10. Caleb (last week: 9)
PICK A LANE, BRO.

11. So they’re really committed to this “AD” thing (last week: not ranked)
“Glad we’re on the same team.” Ugh, God.

12. Ali (last week: 12)
It’s probably not great that the last shot of Ali we see is her strapped to a gurney, while that mute nurse and Elliot rush her into the blinding light of who-knows-what.
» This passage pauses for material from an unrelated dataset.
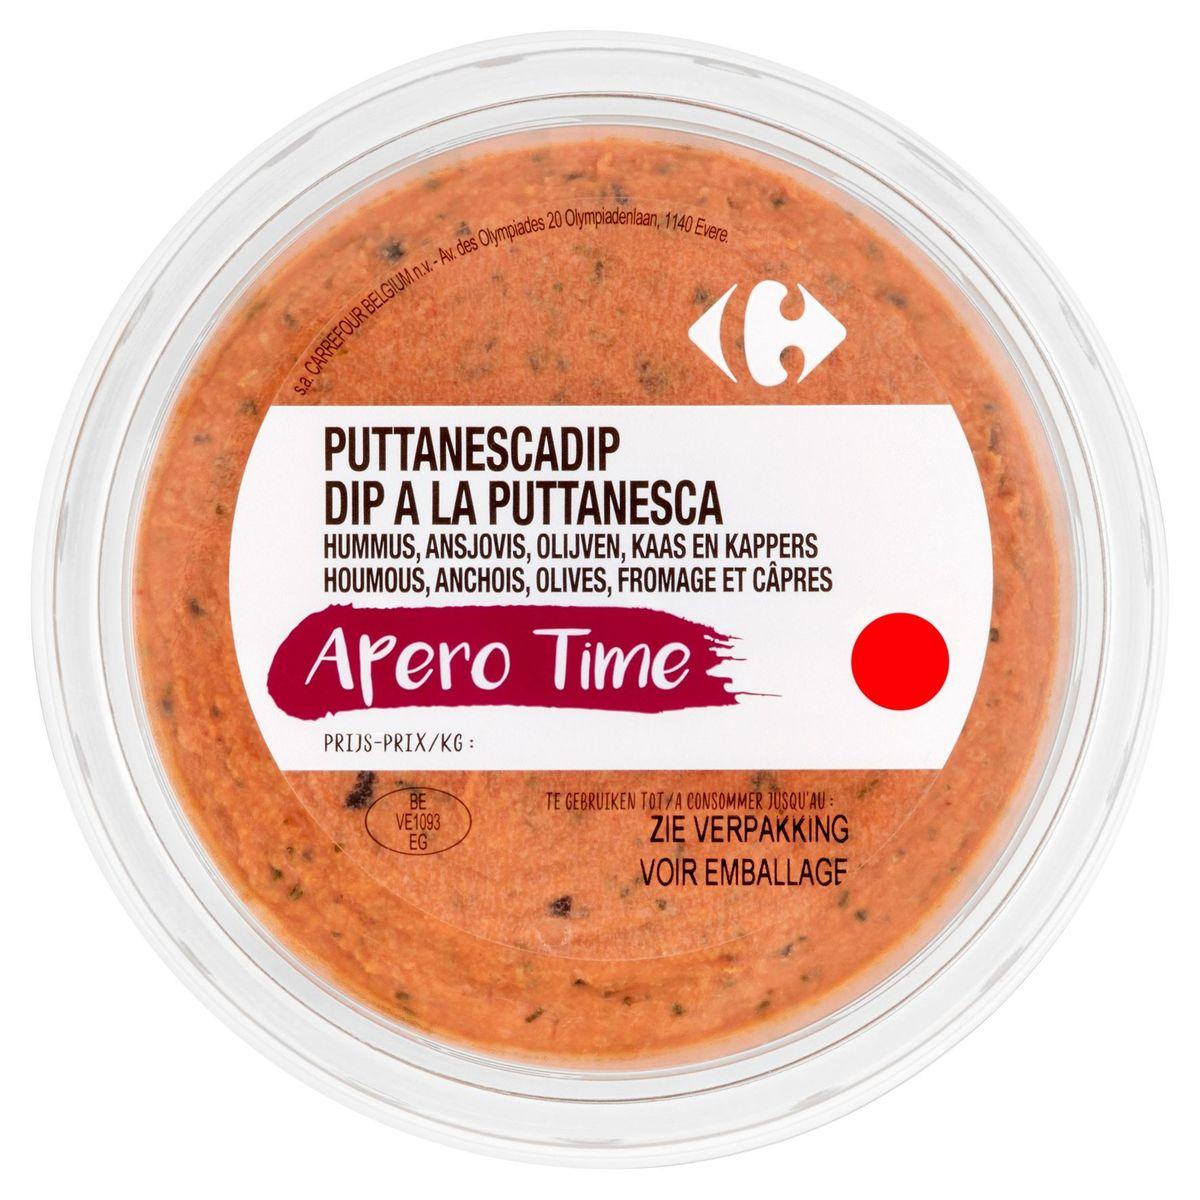 Carrefour Dip Houmous, Anchois, Olives, Fromage & Câpres 180 g

13. Literally everyone related to Hanna (last week: not ranked)
Let’s just run through this one more time: Hanna was kidnapped and tortured for either 24 hours or maybe four days? (This timeline, like all timelines in Rosewood, is unclear and probably irrelevant.) Hanna, lest you forget, has been kidnapped and tortured before, for a considerable length of time. Girl’s a regular Kimmy Schmidt. And when she rolls back into Rosewood and falls off the grid, no one in her family — not her mother, not her fiancé, not her so-distant-you-may-have-forgotten-him-but-I-didn’t-because-I’m-a-professional father — inquired as to her whereabouts? Jordan didn’t jump on the Acela the minute his texts went unanswered? Why won’t this show throw us some flimsy excuse for goddess and generally decent mother Ashley Marin’s absence? (Is she still locked in Emily’s basement with the rest of the moms?)
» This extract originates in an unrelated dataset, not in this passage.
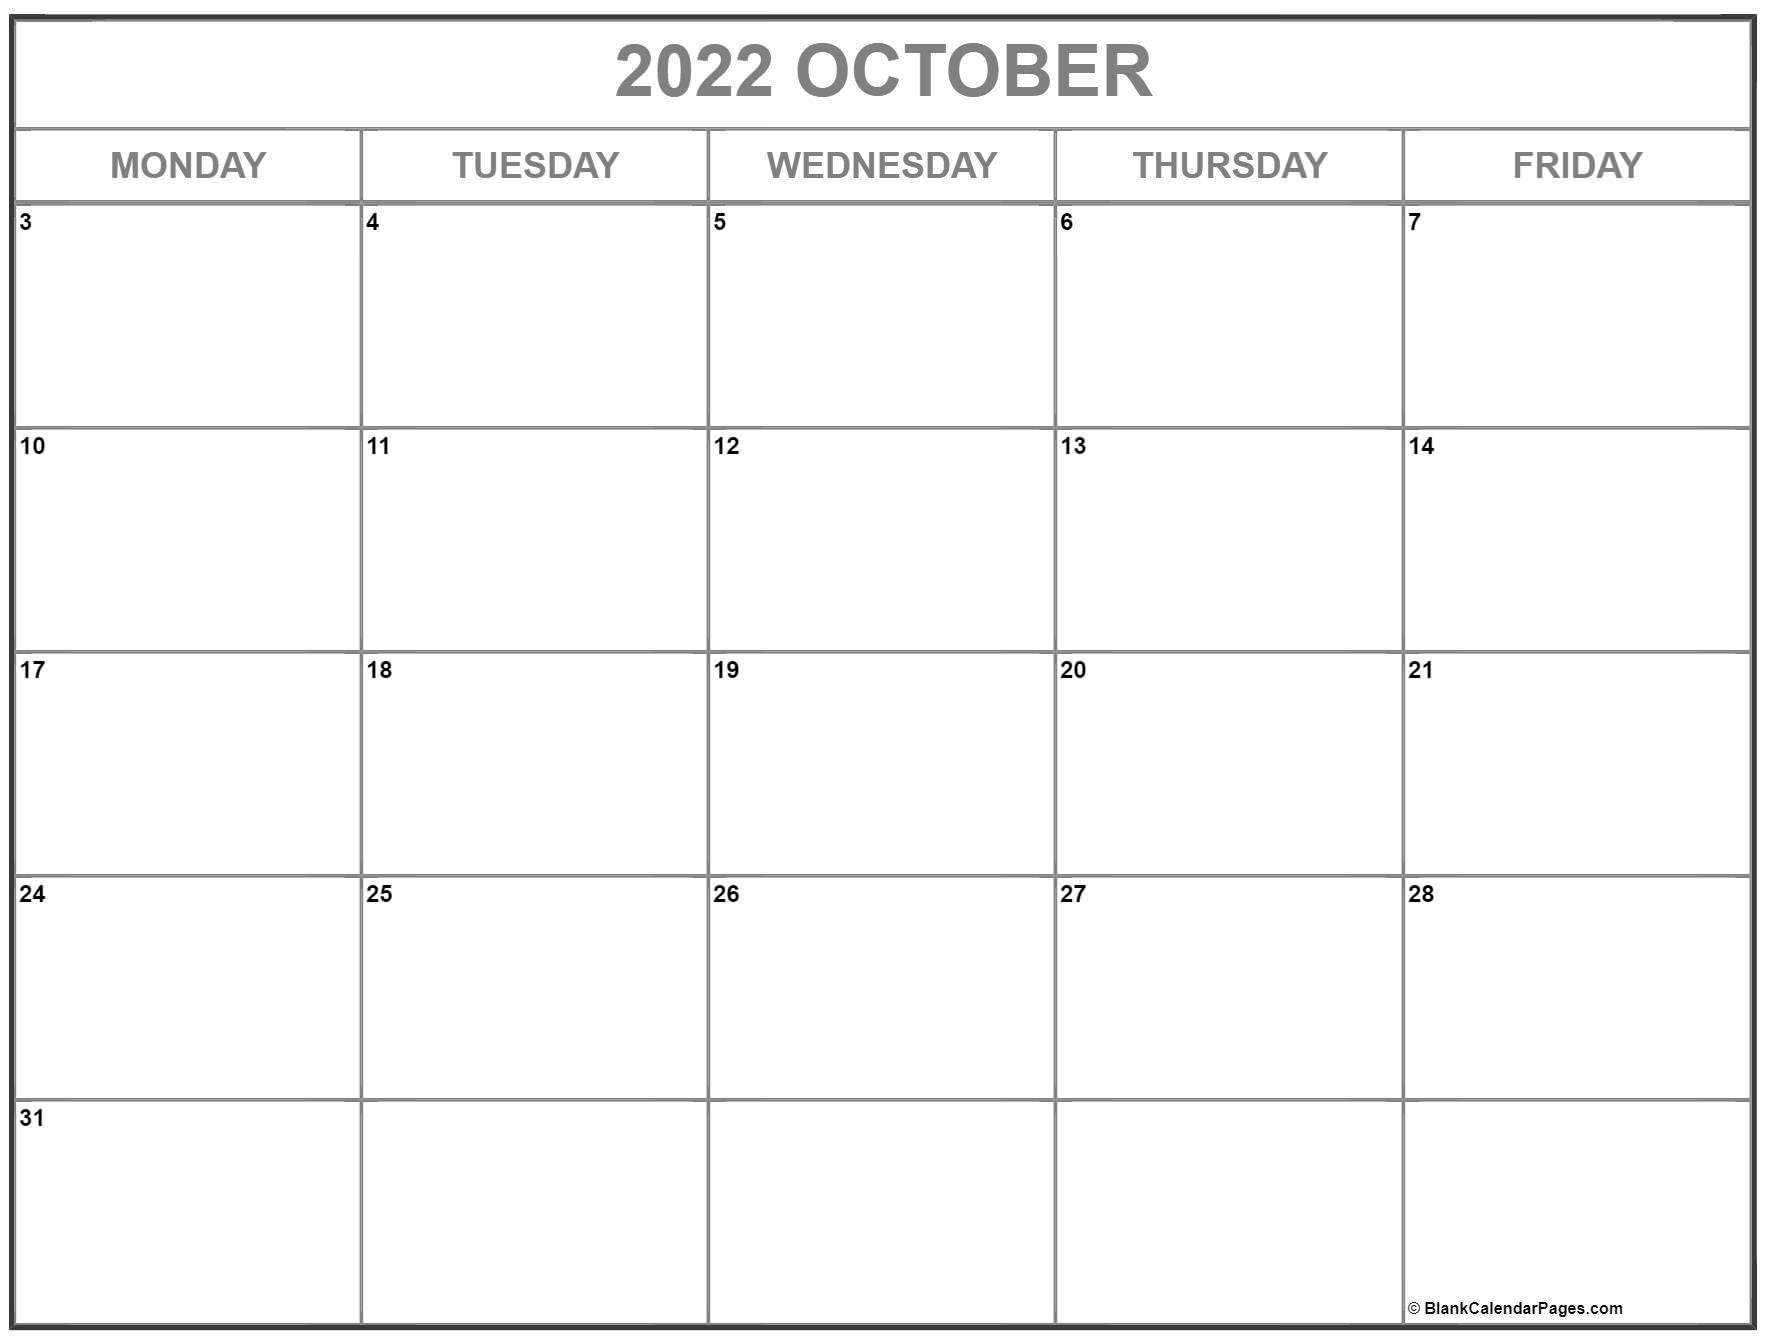 October 2022 Monday through Friday calendar.

14. Jordan (last week: not ranked)
Gets a double-entry for his double-powerlessness: Not only did he get dumped by Hanna at the construction site that used to be the swanky-looking bar where they met, but he’s considered so pointless by Hanna’s besties that no one even called to tell him she went missing. Ezra and Caleb were present and accounted for, but this Aussie? No such luck.

The only good thing about Jordan is how, in the flashback, he volunteers to buy Hanna food instead of a third drink. That is a VERY slick tactic I wish other gentlemen would practice. Reminds me of Liz Lemon’s “I already have a drink, do you think he’d buy me mozzarella sticks?”

Lingering concerns: How do any of these girls still have jobs? Where is Jason? Isn’t Ali’s dad still alive? Shouldn’t he swing by one of these days, see how one of his only surviving family is holding up?